I had originally asked this question here, and I believe it was incorrectly marked as a duplicate. I will do my best here to clarify my question and how I believe it is unique.
Given the following example MultiIndex dataframe:
import pandas as pd
import numpy as np
first = ['A', 'B', 'C']
second = ['a', 'b', 'c', 'd']
third = ['1', '2', '3']
indices = [first, second, third]
index = pd.MultiIndex.from_product(indices, names=['first', 'second', 'third'])
df = pd.DataFrame(np.random.randint(10, size=(len(first)*len(second)*len(third), 4)), index=index, columns=['Val1','Val2',' Val3', 'Val4'])

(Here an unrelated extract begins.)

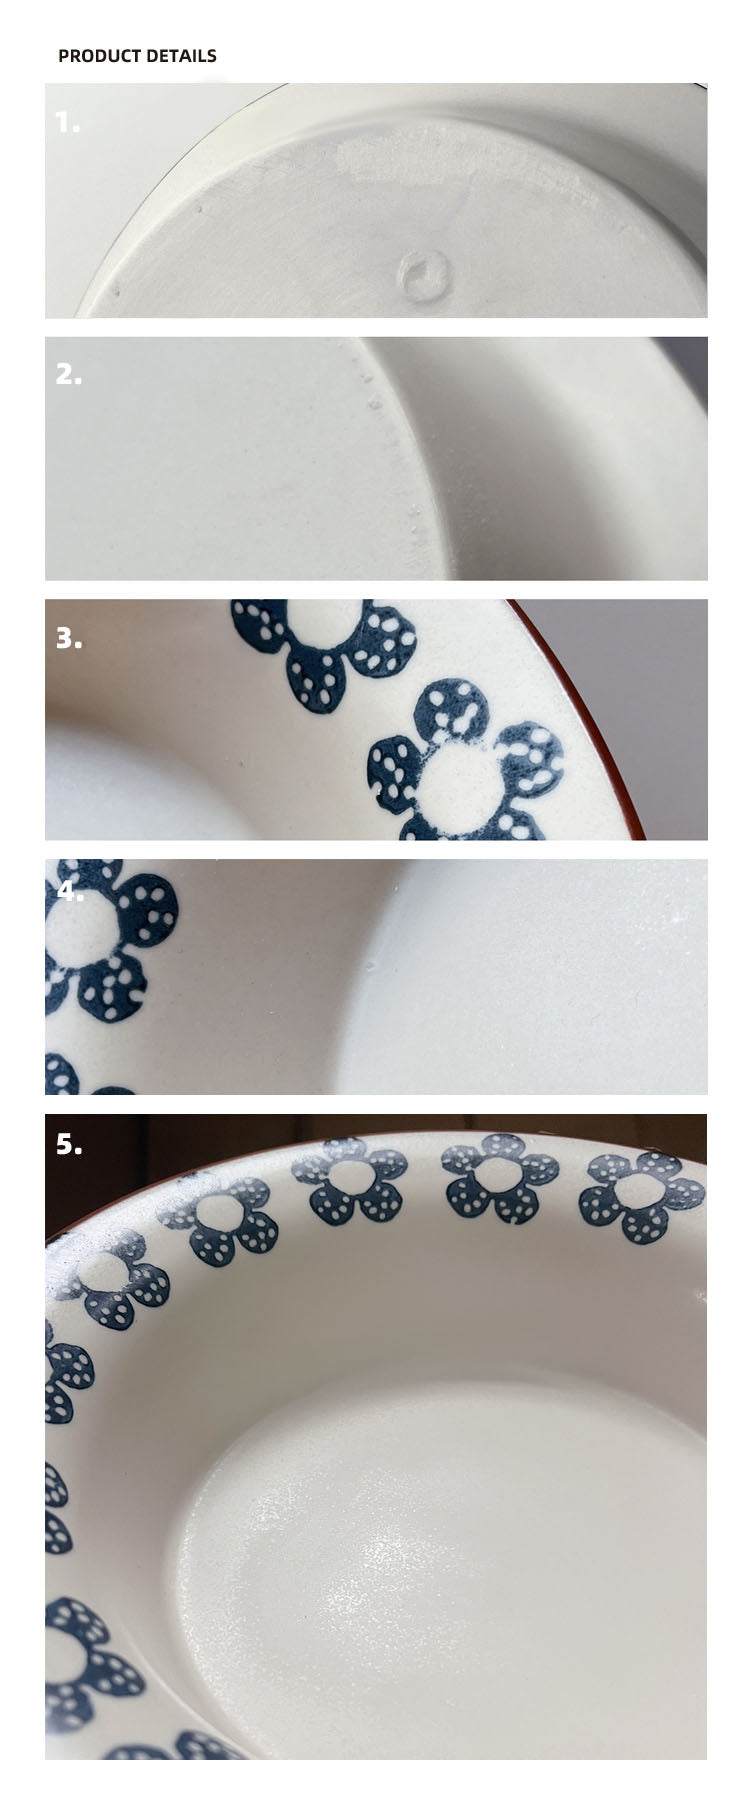 Flower Ceramic Bowl from maija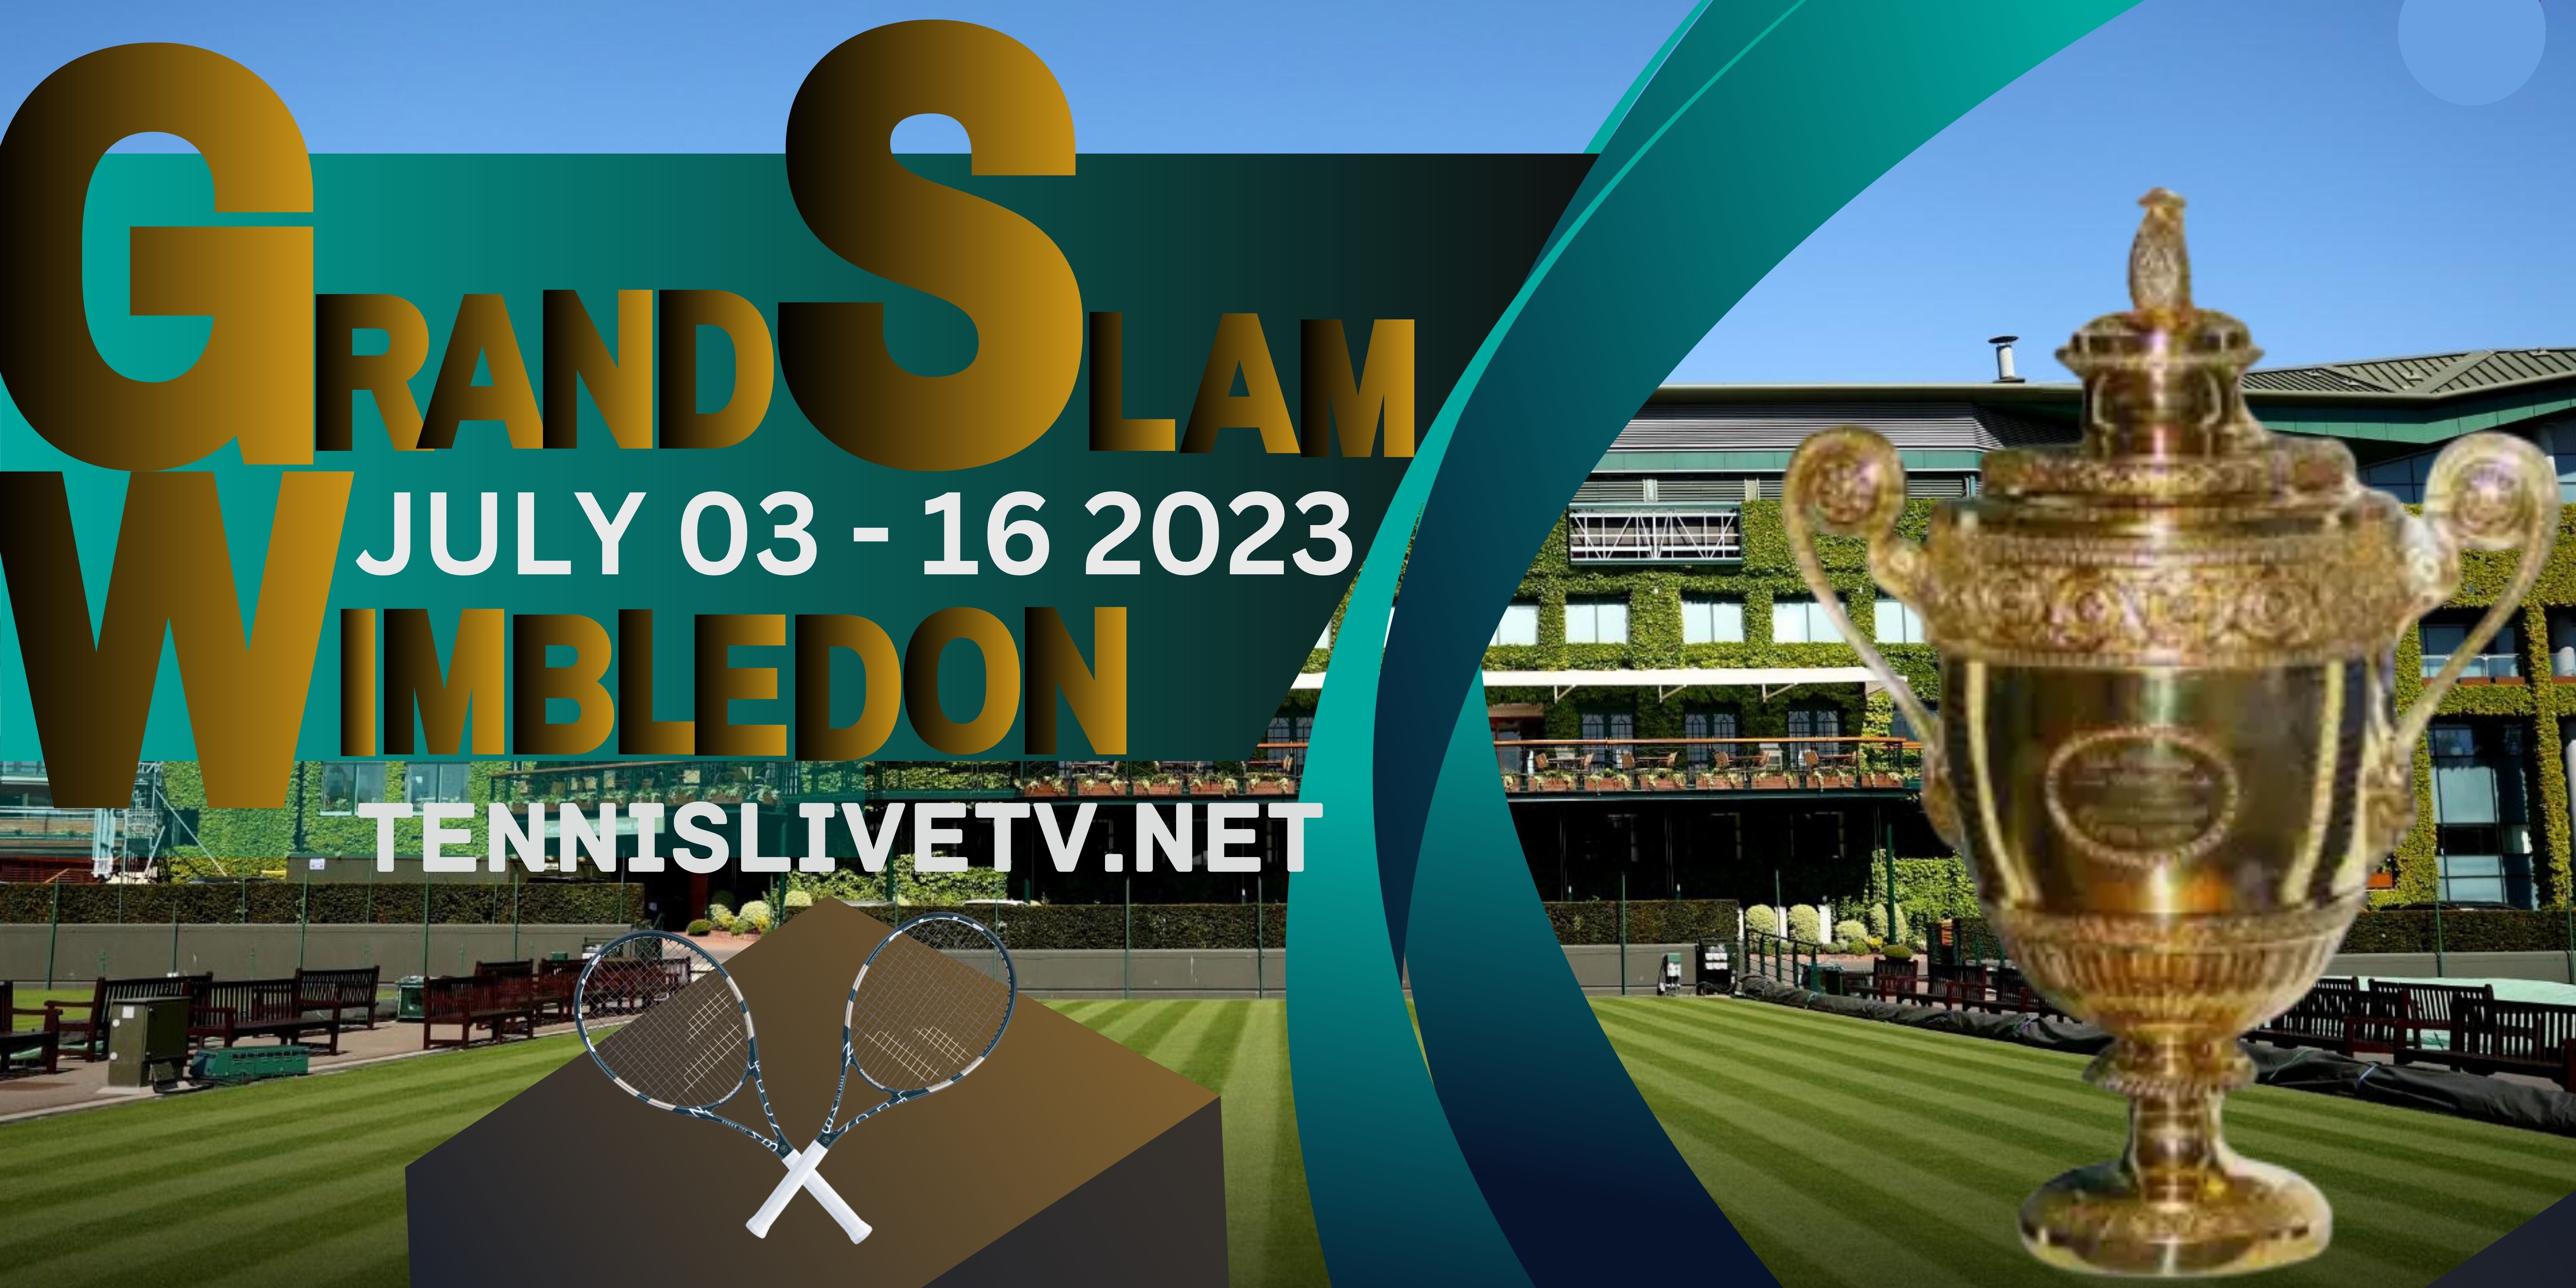 wimbledon-tennis-live-stream-schedule-players-list-how-to-watch

Goal: I would like to retain a specific level=1 index (such as 'a') if the value of column 'Val2' corresponding to index value 1 in level=2 is greater than 5 for that level=1 index. Therefore, if this criteria is not met (i.e. column 'Val2' is less than or equal to 5 for index 1 in level=2), then the corresponding level=1 index would be removed from the dataframe. If all level=1 indices do not meet the criteria for a given level=0 index, then that level=0 index would also be removed. My previous post contains my expected output (I can add it here, but I wanted this post to be as succinct as possible for clarity).
Here is my current solution, the performance of which I'm sure can be improved:
grouped = df.groupby(level=0)
output = pd.concat([grouped.get_group(key).groupby(level=1).filter(lambda x: (x.loc[pd.IndexSlice[:, :, '1'], 'Val2']>5).any()) for key, group in grouped])
This does produce my desired output, but for a dataframe with 100,000's of rows, the performance is rather poor. Is there something obvious I am missing here to better utilize the under-the-hood optimization of pandas?